Only Pieper, with his characteristic serenity--remarkable for a man who lived through some of the most turbulent times in a country at the center of the last century's upheavals--seems to have actually assented to the world and reached the truly Everlasting Yea. And it is obvious from the types of books he wrote: a Theory of Festivity as well as Happiness and Contemplation; he wrote about affirming the goodness of the world without the rancor of Nietzsche or the irony of Carlyle. In a world turned upside down and full of fashionable sophists like Sartre who called being born absurd, he undertook the difficult task of explaining why the world was good, and why we should say "yes" to it. What made it possible for Pieper to attain the everlasting Yea was his belief in a transcendent God who does not demand self-annihilation as a prerequisite to happiness (or blessedness), as opposed to the quasi-Spinozan God of Teufelsdröckh and Carlyle. For Pieper, who saw himself as developing the key concept of Kreatürlichkeit ("creatureliness") he found in St. Thomas Aquinas, existence was even more of a miracle than for Carlyle--the free act of a Creator who was under no compulsion to make the world. Only with his belief in a transcendent God who created and redeemed the world could Pieper say, "Lord, it is good that I am here!"

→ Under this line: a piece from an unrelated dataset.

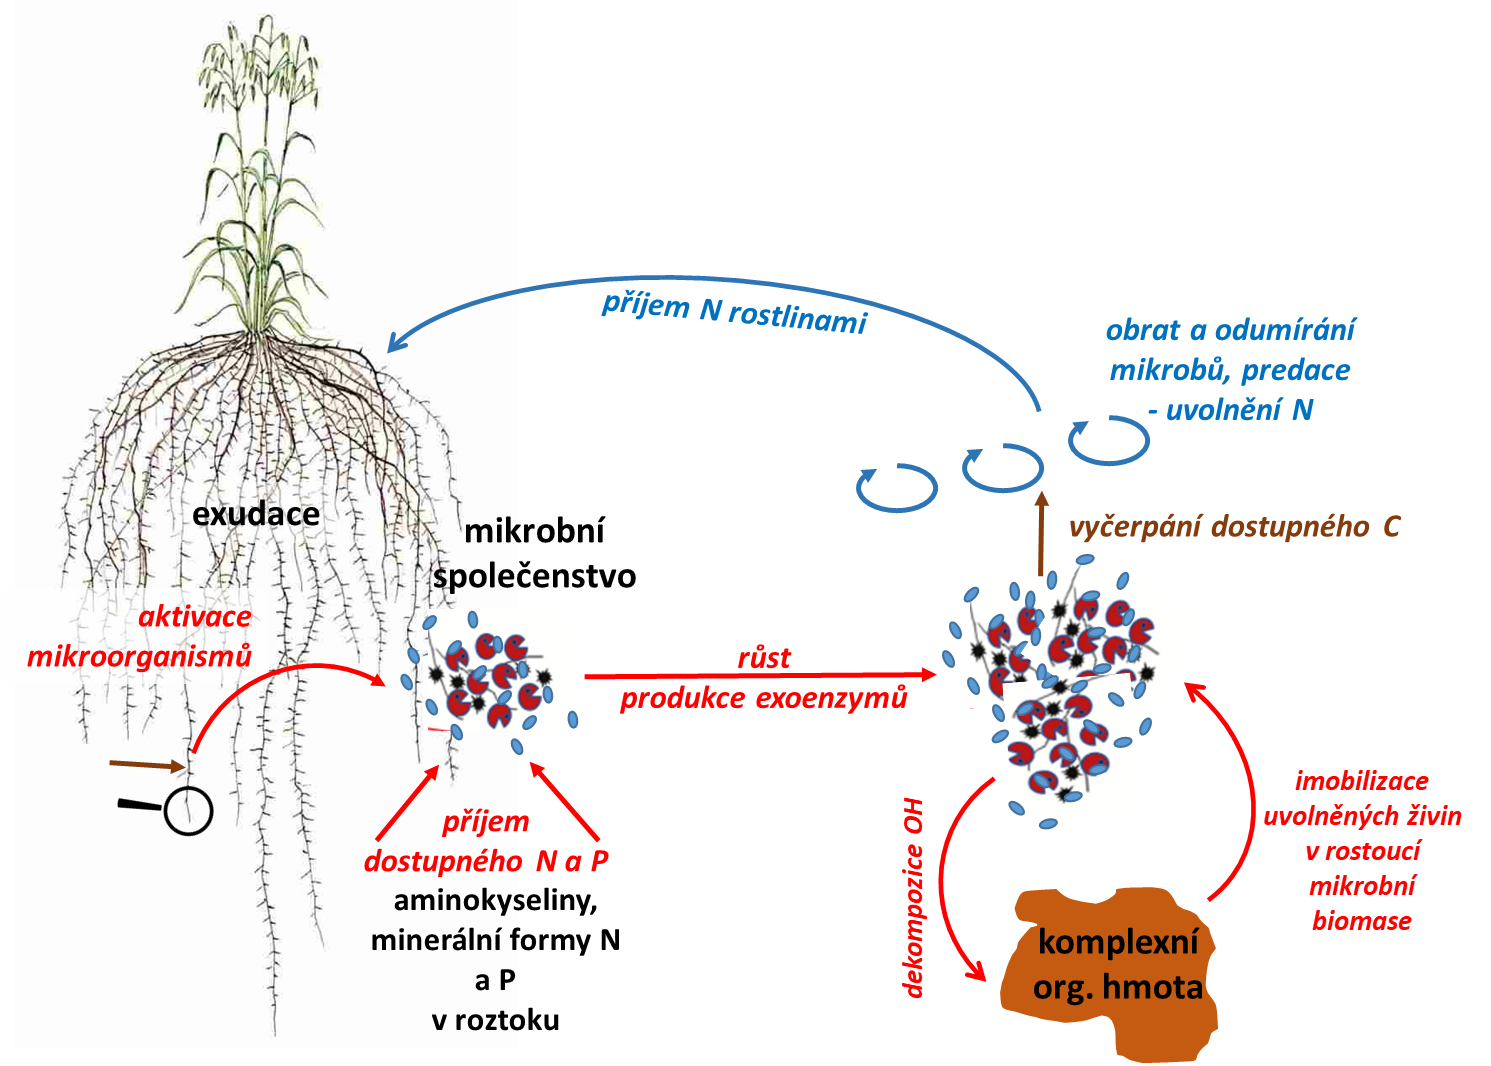 Obr. 4. Interakce rostlin a půdních mikroorganismů v rhizosféře je oboustranně prospěšná. Kořenové exudáty aktivují půdní mikroorganismy, které se v daném místě nacházejí. Ty začnou růst a produkovat extracelulární enzymy, které rozkládají komplexní organické sloučeniny v půdě na jednodušší. Mikroorganismy je využívají a živiny z nich zabudovávají do svých buněk. Jak kořen odrůstá, zóna zásobení půdy exudáty se posouvá jinam a velké mikrobní společenstvo začne strádat. Z odumírajících buněk se uvolňují živiny ve formách, které mohou přijmout kořeny rostlin nebo jejich symbiotičtí partneři.

The Everlasting Yea, in its sublimest form, is a fundamental affirmation of the goodness of the world and of its Creator. And for each of these authors, the Everlasting Yea is the source of any spiritual serenity they experienced.

[1] Pieper's book is available in English translation as In Tune with the World, but I hesitate to call it by that title because it is a mistranslation of the German: Zustimmung means affirmation, assent, agreement, or approval; it implies an active decision to say "yes" to something, not a passive surrender.

[2] Romano Guardini, Vom Sinn der Schwermut (Mainz: Matthias-Grünewald-Verlag, 2003), p. 24.

[3] Readers interested on the question of pantheism should consult Thomas Molnar, God and the Knowledge of Reality (New York: Basic Books, 1973).